==== DATA TO EXAMINE ====
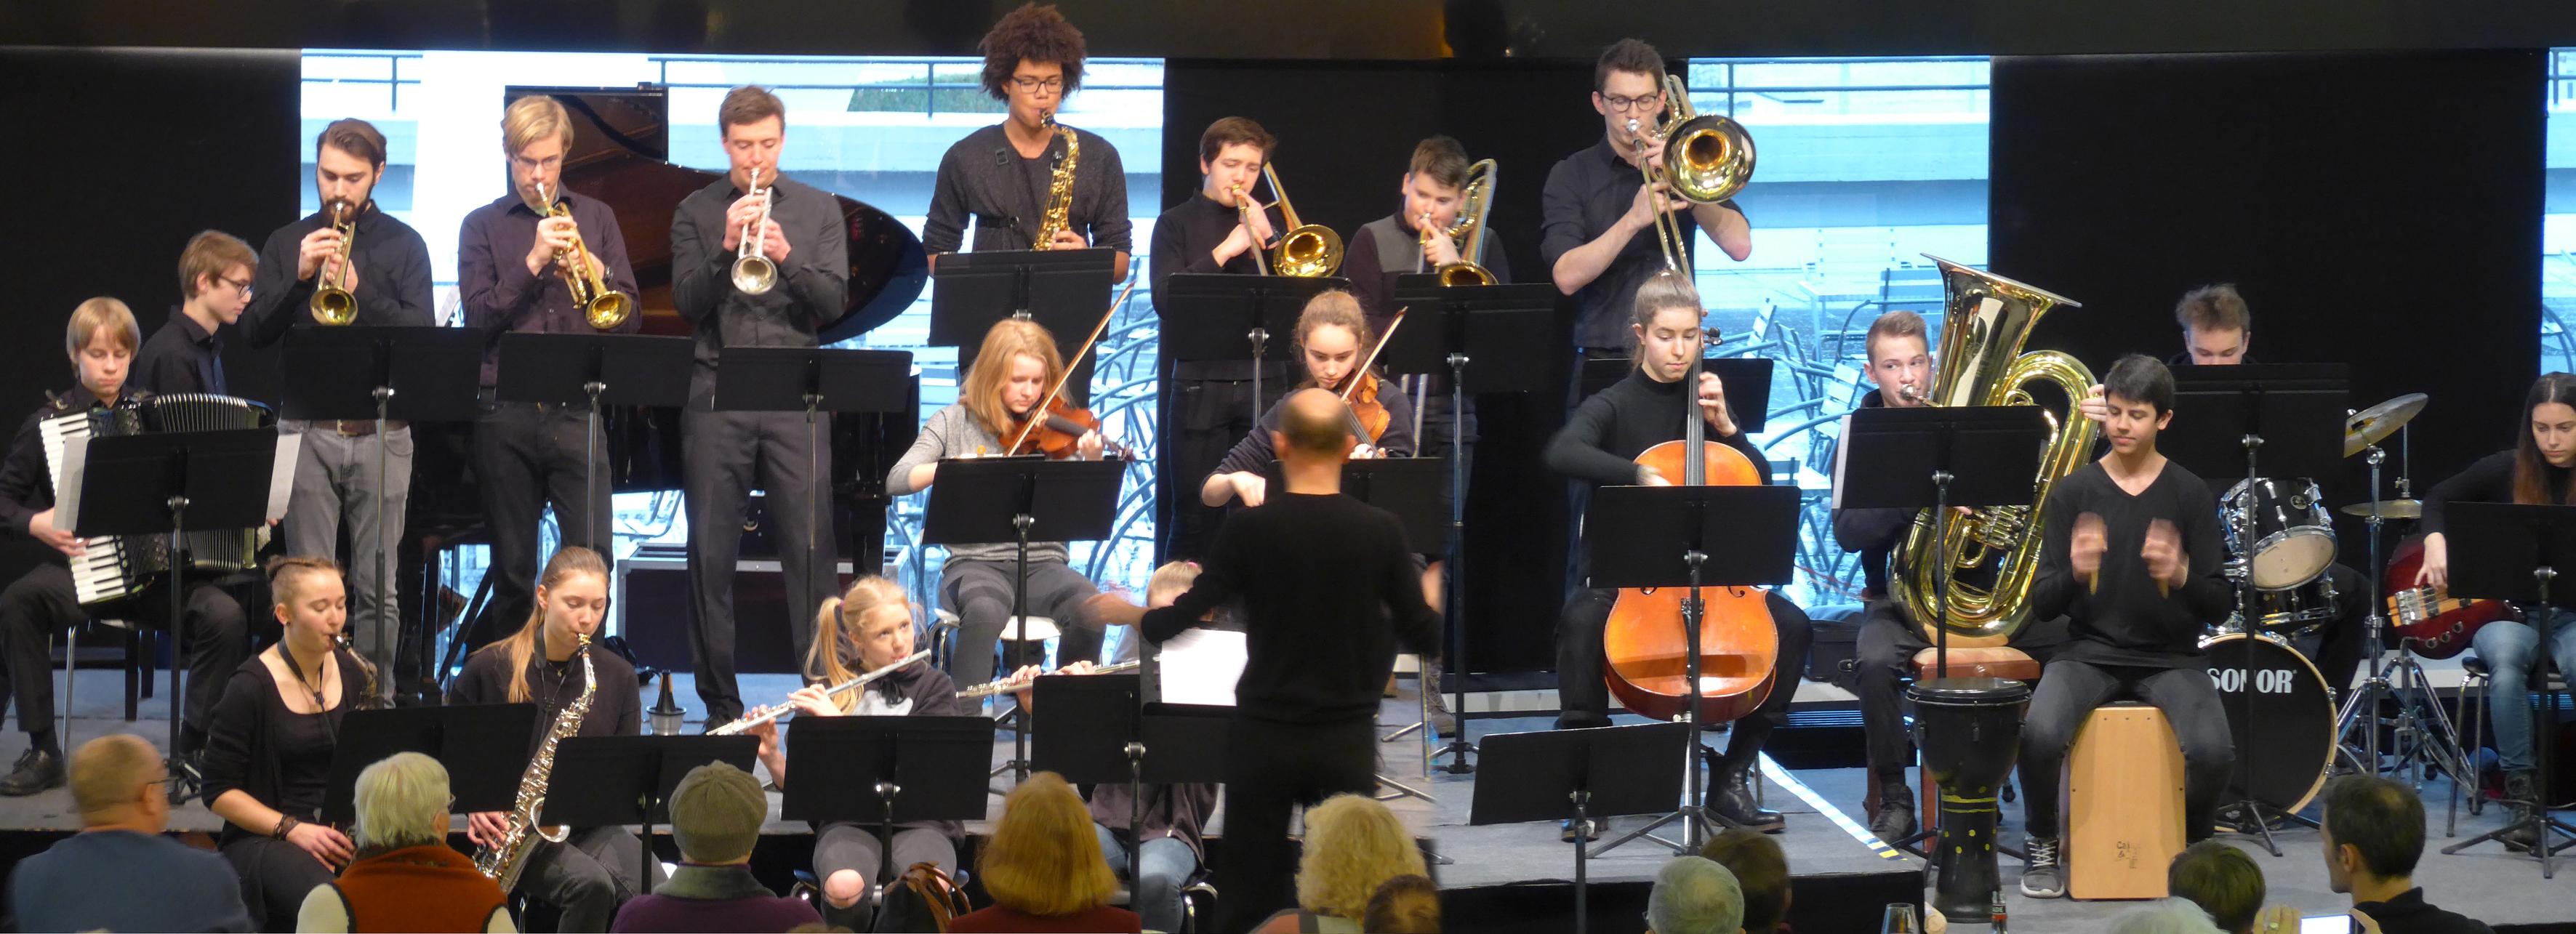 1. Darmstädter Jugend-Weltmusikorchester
====
==== DATA TO EXAMINE ====
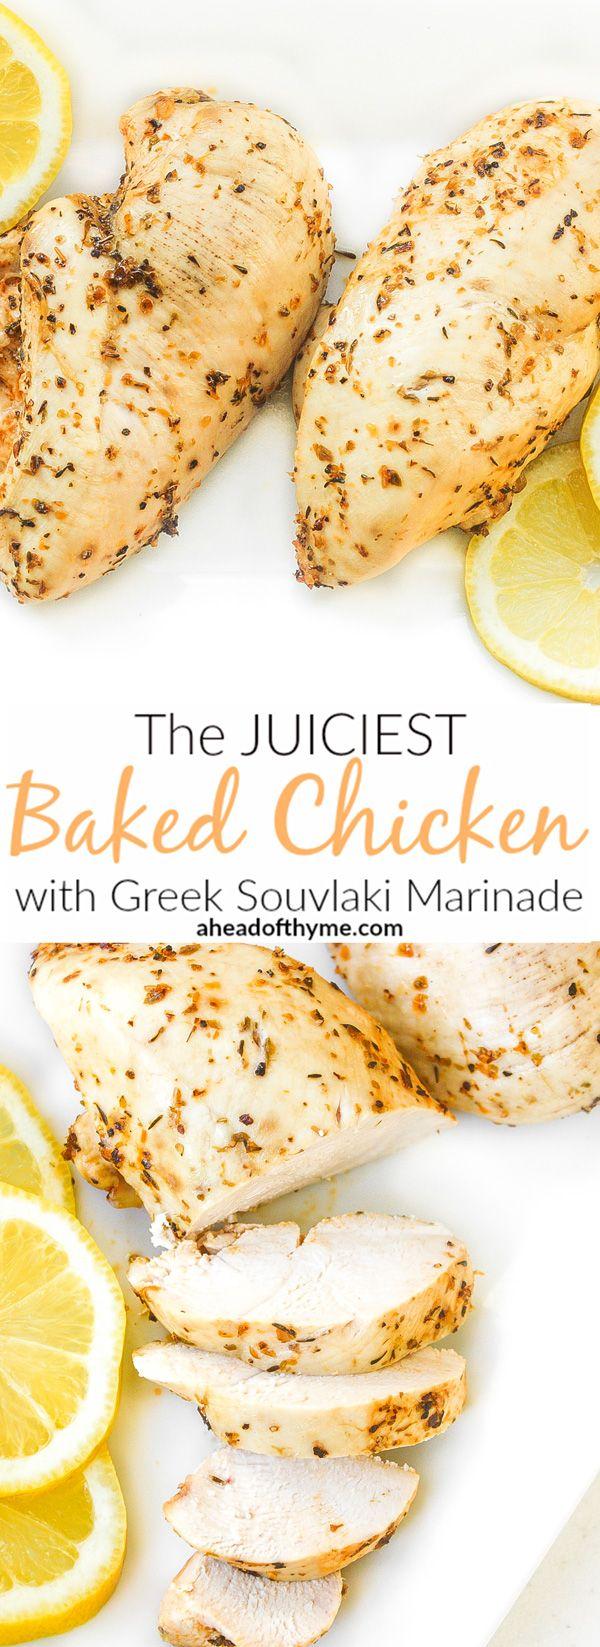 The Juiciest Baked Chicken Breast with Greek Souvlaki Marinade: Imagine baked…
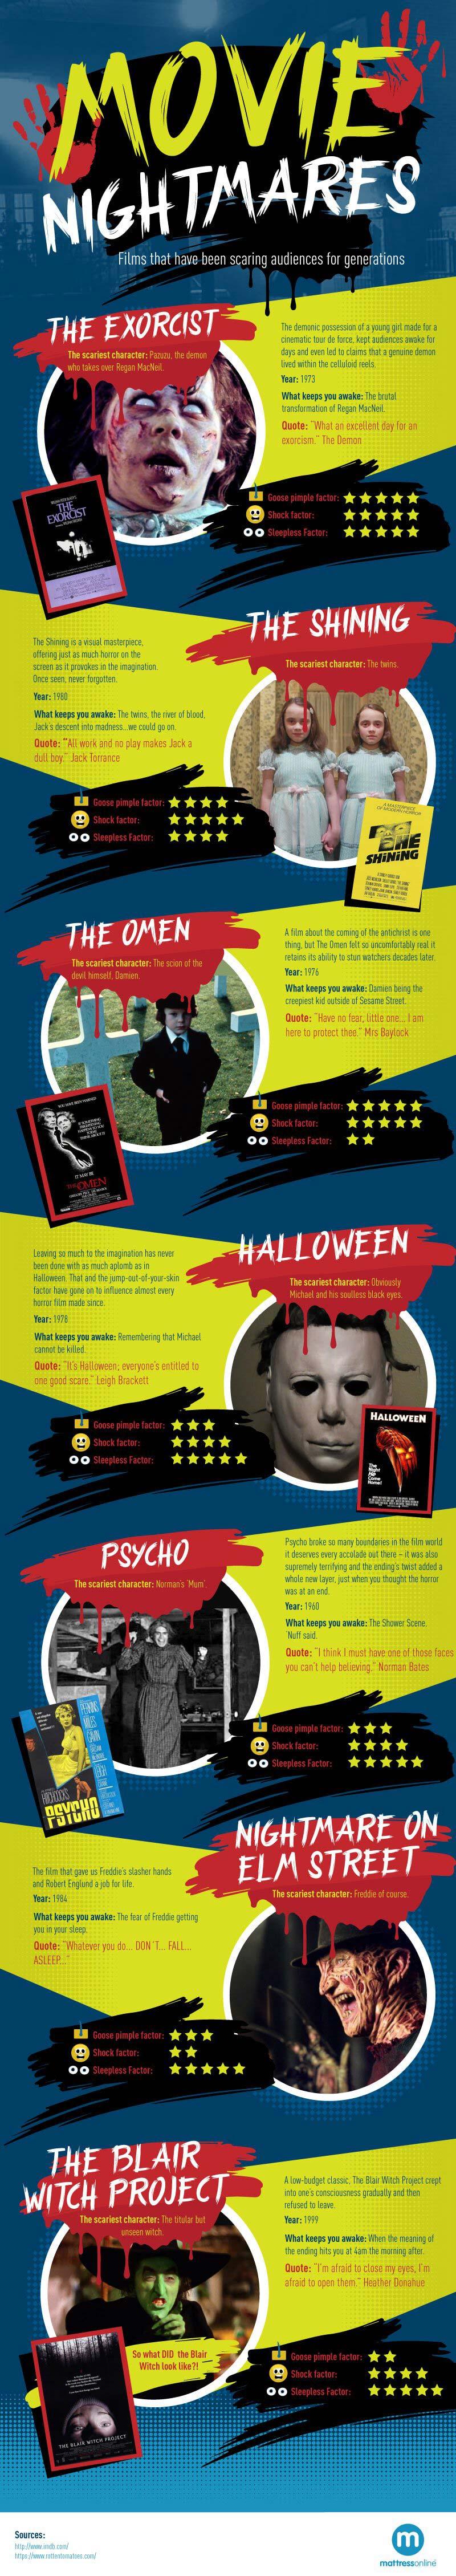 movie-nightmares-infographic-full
====
** PROBLEM STATEMENT **
Nothing but the lines above from the one that has "The Juiciest Baked" down to the one that has "movie-nightmares-infographic-full" belongs in the answer, copied exactly, without pictures.

** RESPONSE AREA **
 The Juiciest Baked Chicken Breast with Greek Souvlaki Marinade: Imagine baked…
 movie-nightmares-infographic-full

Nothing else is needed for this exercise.